◆ Assignment ◆
When copying the data below, keep only the lines from the one with "Chart shows about" through the one with "SVG of It's", word for word, and skip the pictures.

◆ Data records ◆
'''

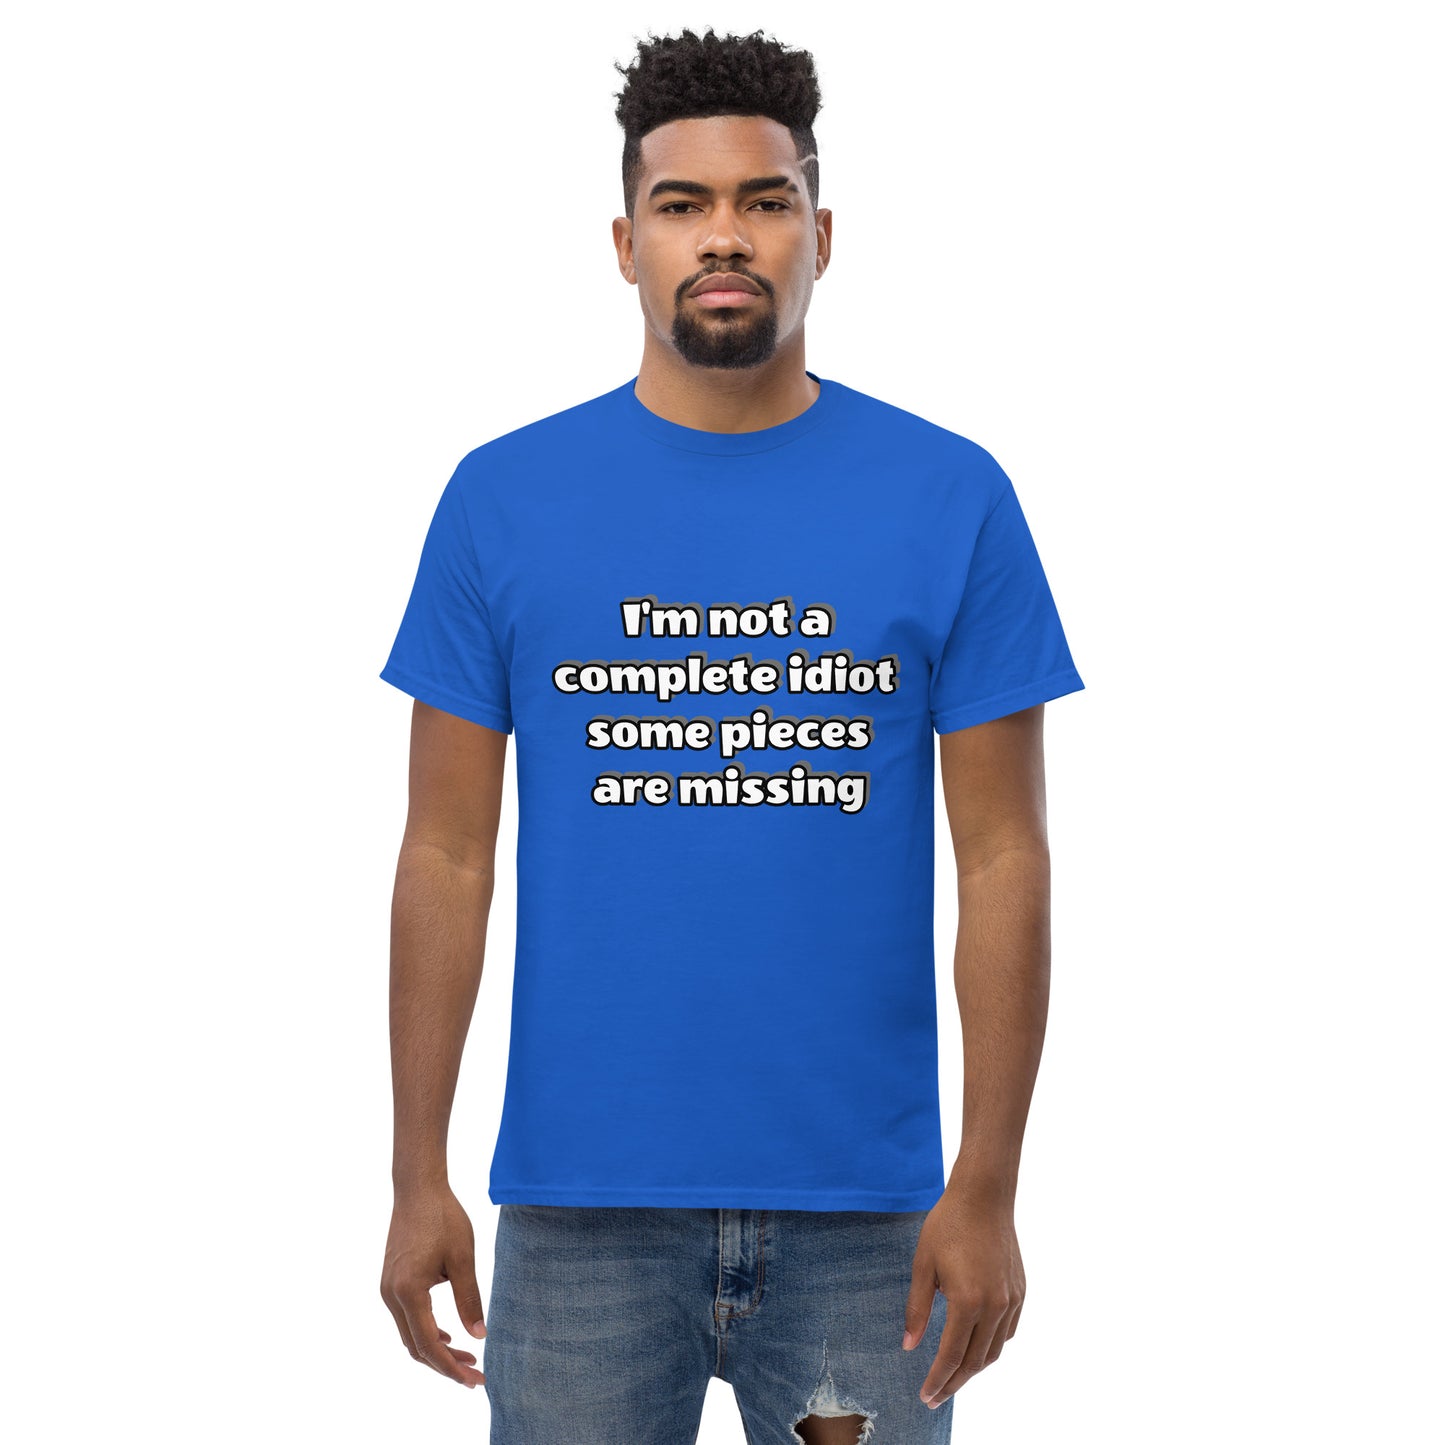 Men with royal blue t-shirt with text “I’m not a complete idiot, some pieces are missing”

'''
'''

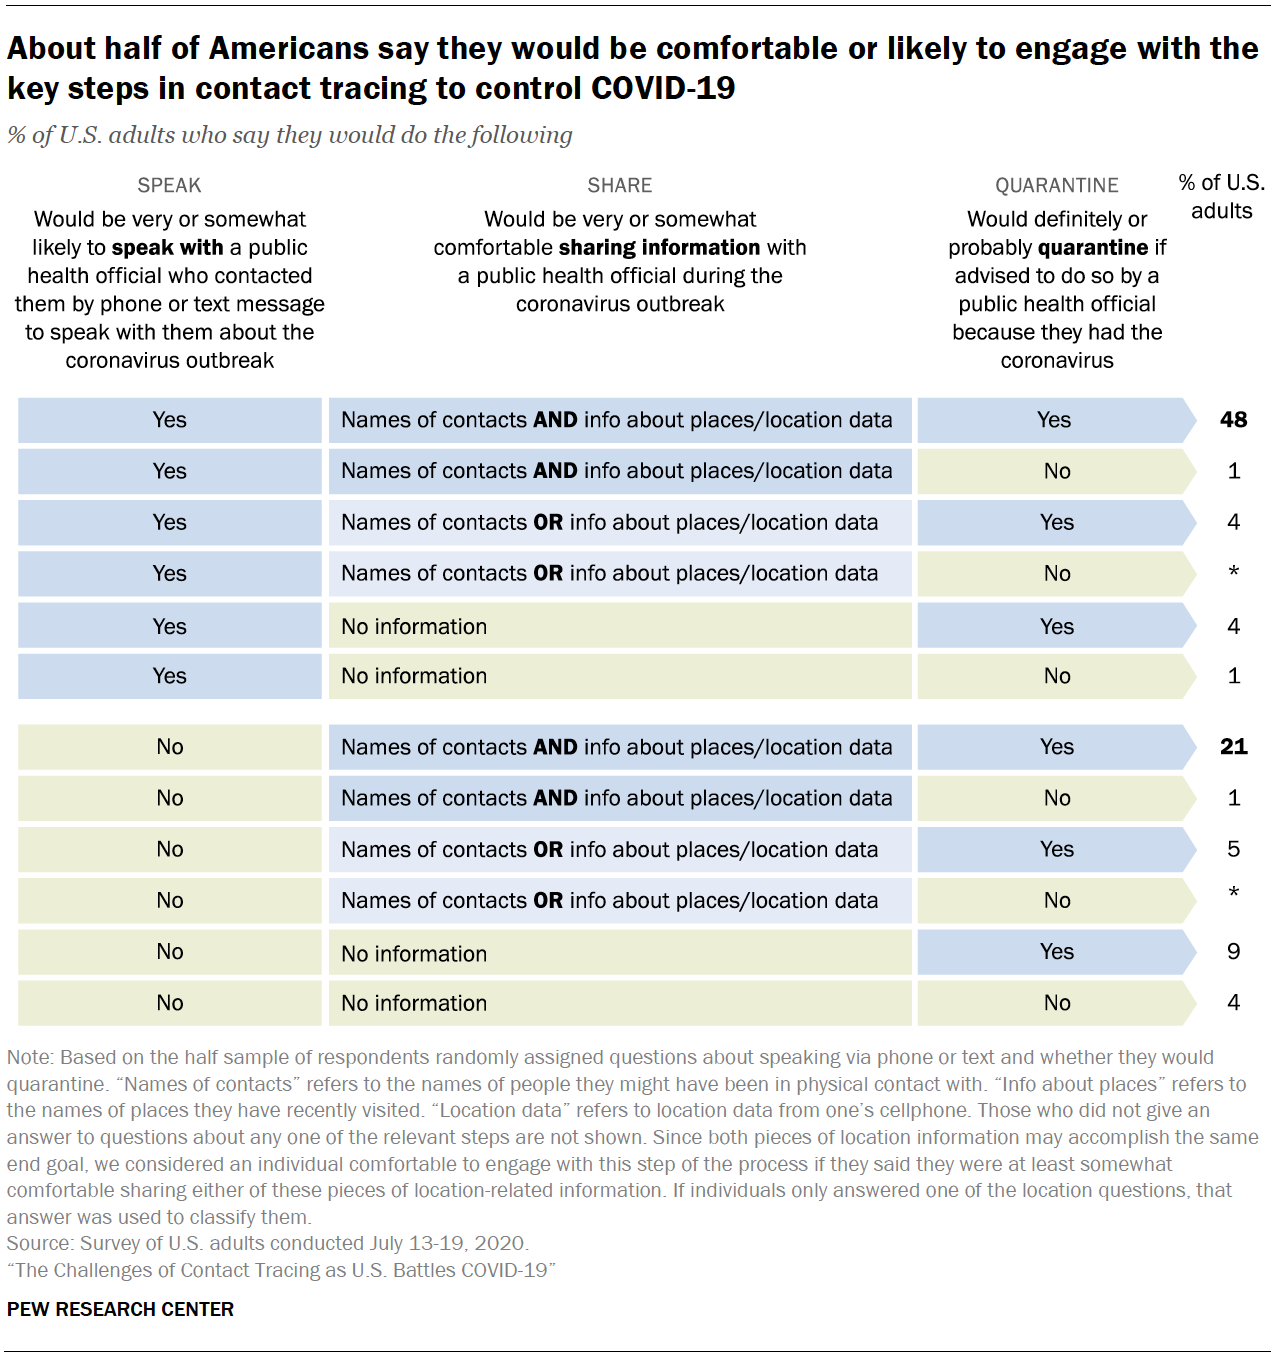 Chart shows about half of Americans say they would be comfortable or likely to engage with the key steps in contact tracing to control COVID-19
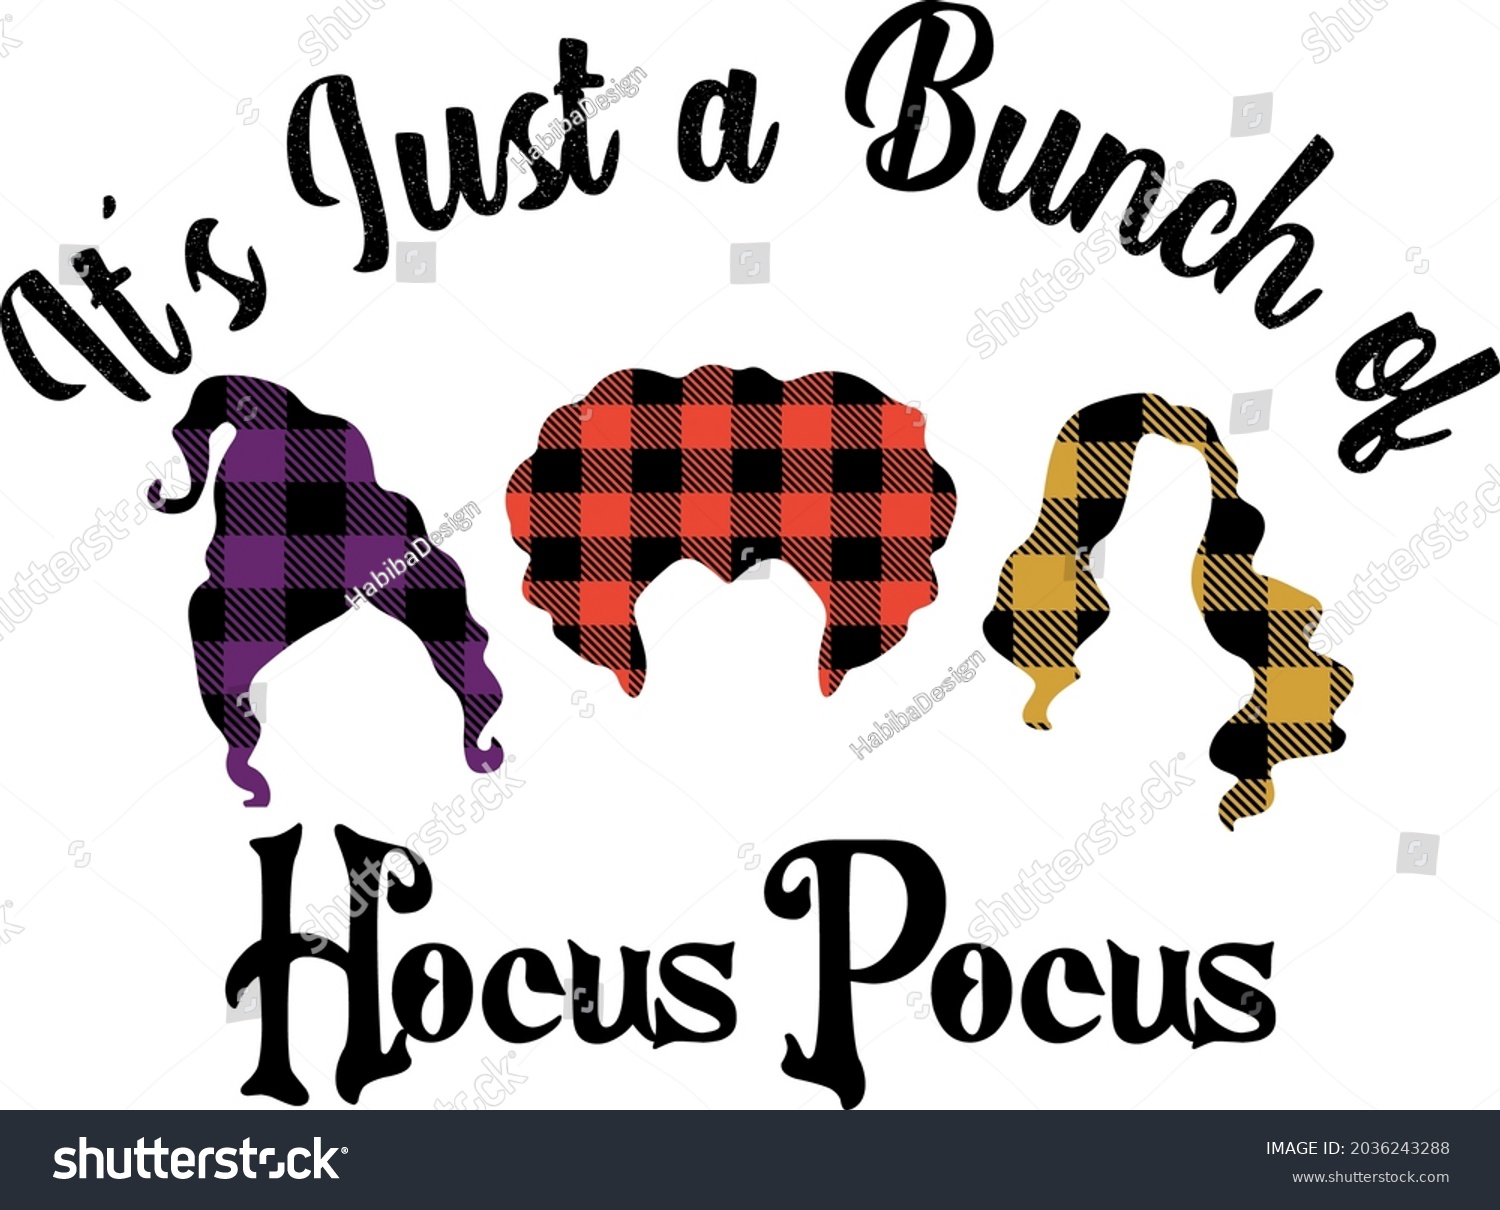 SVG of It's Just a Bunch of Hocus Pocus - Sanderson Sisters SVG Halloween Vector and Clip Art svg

'''

◆ Finished task ◆
 Chart shows about half of Americans say they would be comfortable or likely to engage with the key steps in contact tracing to control COVID-19
 SVG of It's Just a Bunch of Hocus Pocus - Sanderson Sisters SVG Halloween Vector and Clip Art svg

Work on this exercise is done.